Tuesday, June 12, 2007

Unique strings in a text field

So, I want to reduce data usage of a text field, by storing unique strings separated by a delimiter. So to do so I came up with this:

Given a table


CREATE TABLE `hmm` (
`a` int(10) unsigned NOT NULL default '0',
`b` text NOT NULL,
`c` int(10) unsigned NOT NULL default '0',
PRIMARY KEY (`a`)
) ENGINE=InnoDB DEFAULT CHARSET=latin1

INSERT INTO hmm VALUES (1, 'hmm8',1) ON DUPLICATE KEY UPDATE b = IF(FIND_IN_SET('hmm8', b)>0, b, CONCAT_WS(',',b, 'hmm8')), c = c+1;

SELECT * FROM hmm;
+---+--------------------------+---+
| a | b | c |
+---+--------------------------+---+
| 1 | hmm4,hmm5,hmm6,hmm7,hmm8 | 7 |
+---+--------------------------+---+



Let's break apart the INSERT statement, if column 'a' produces a duplicate ON DUPLICATE KEY UPDATE will issue an IF statement

FIND_IN_SET will return the position of the found string. The logic of IF say if FIND_IN_SET is is greater then 0 i.e. the string was found, update column b with b itself (do nothing) else concat the column with the column contents and the new string separated by a comma. Additionally in all cases increment column c by 1.

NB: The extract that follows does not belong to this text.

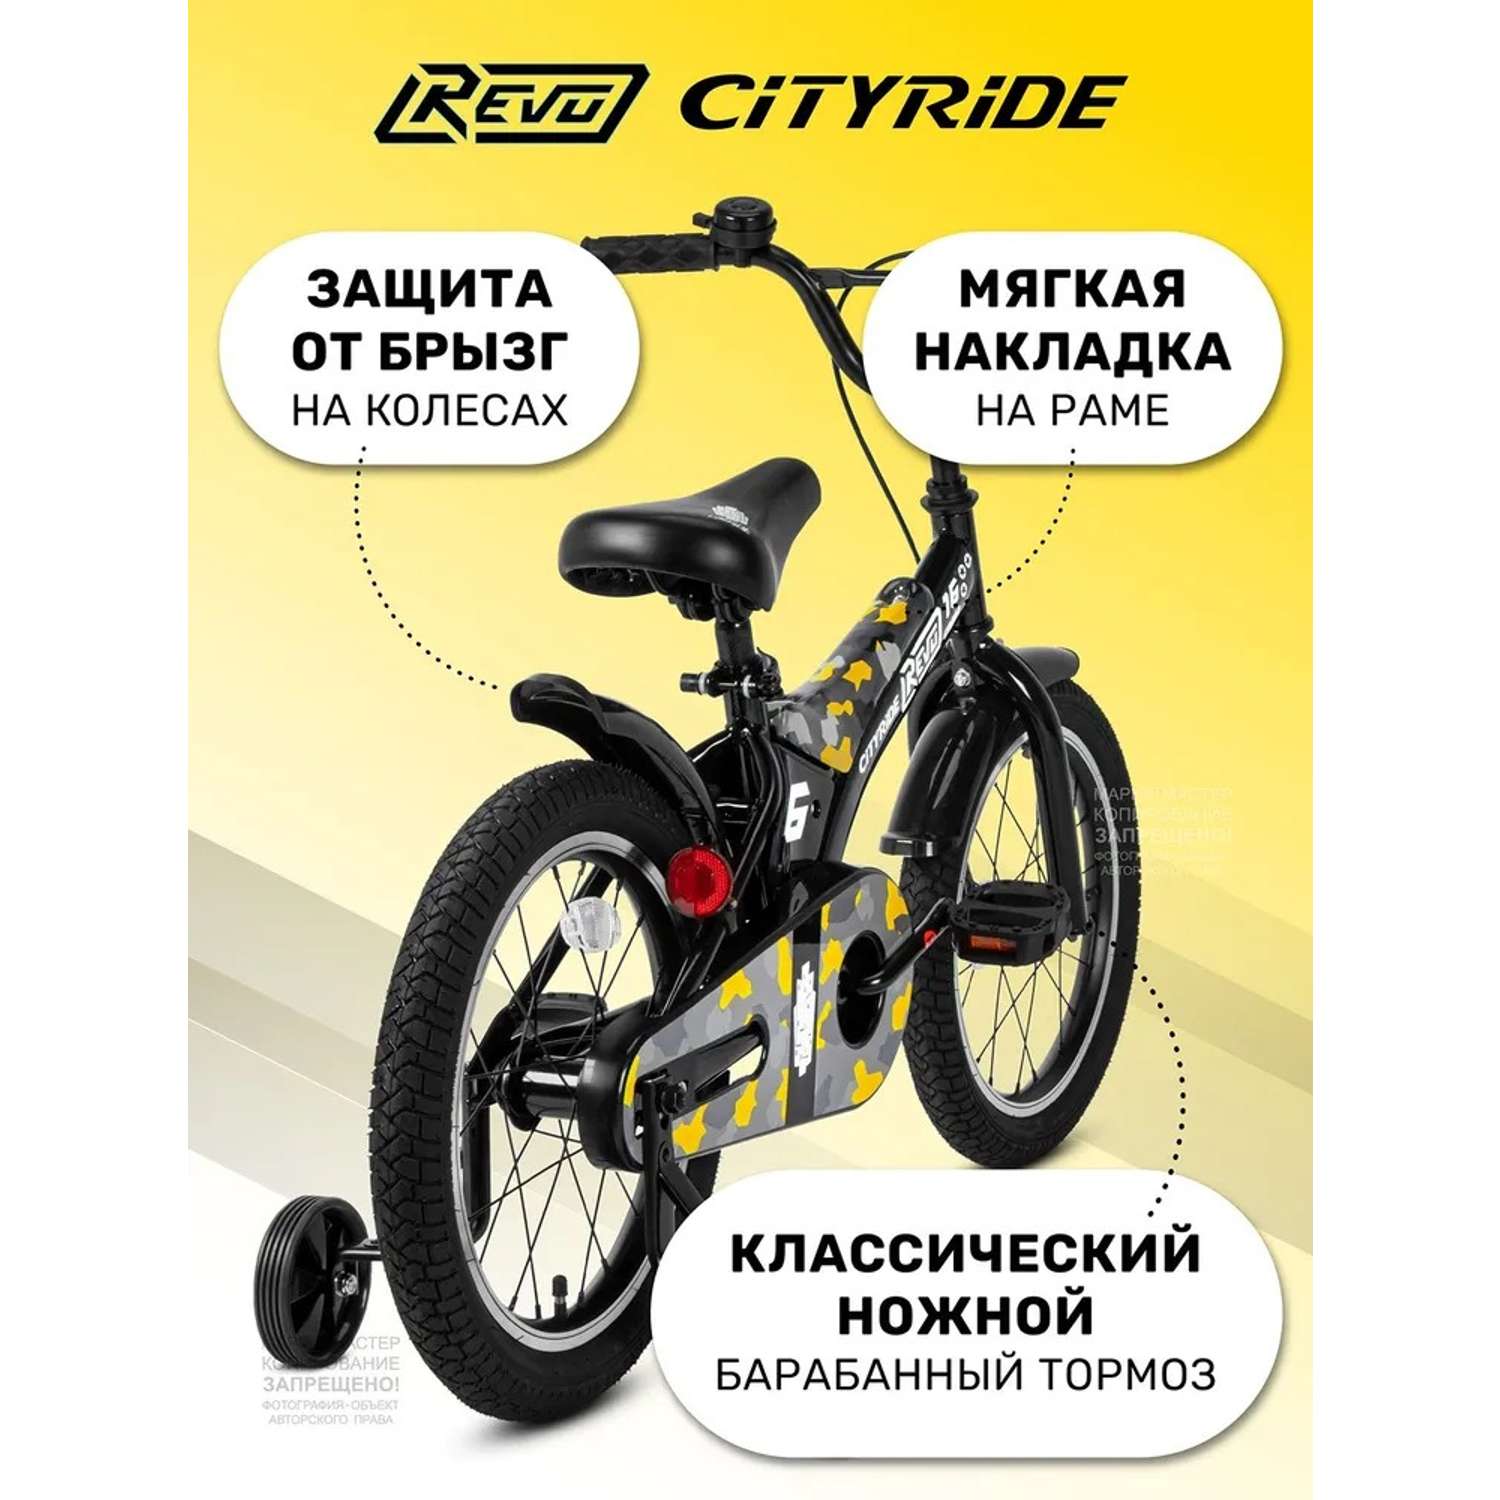 Детский велосипед CITYRIDE Двухколесный Cityride REVO Рама сталь Кожух цепи 100% Диски алюминий 16 Втулки сталь - фото 4

Why do it this way? Well I removed the need to do a SELECT and provided a solution to store distinct text values instead of the raw value, thus saving space and resources on network transfers etc.

A little quick statement that might be useful for others.

3 comments:

Anonymous said...

Why are you sacrificing normalization that way? Wouldn't it be more appropriate to use a second table which contains all the strings for a given entry in the master table?

Dathan Pattishall said...

sure, why not. This is an example of how to store unique strings in a text field.

Personally I'm not a fan of normalization, since I can get faster lookups when I don't normalize in many cases.

Anonymous said...

This is a bad solution to what isn't really a problem; If your normalization is slower than this, then your normalization is wrong.

Offloading the given processing onto the database does not scale well. It also makes indexing on the values, well, not really possible. Placing an index across multiple fields will simplify processing, speed up the search, and is nicely scalable.

In a world where TB drives are commonplace and 10Mb connections are considered slow, there's no reason to do this sort of thing. Unless, of course, you're developing on an embedded platform with a very small footprint. Which then begs the question, why use MySQL in the first place???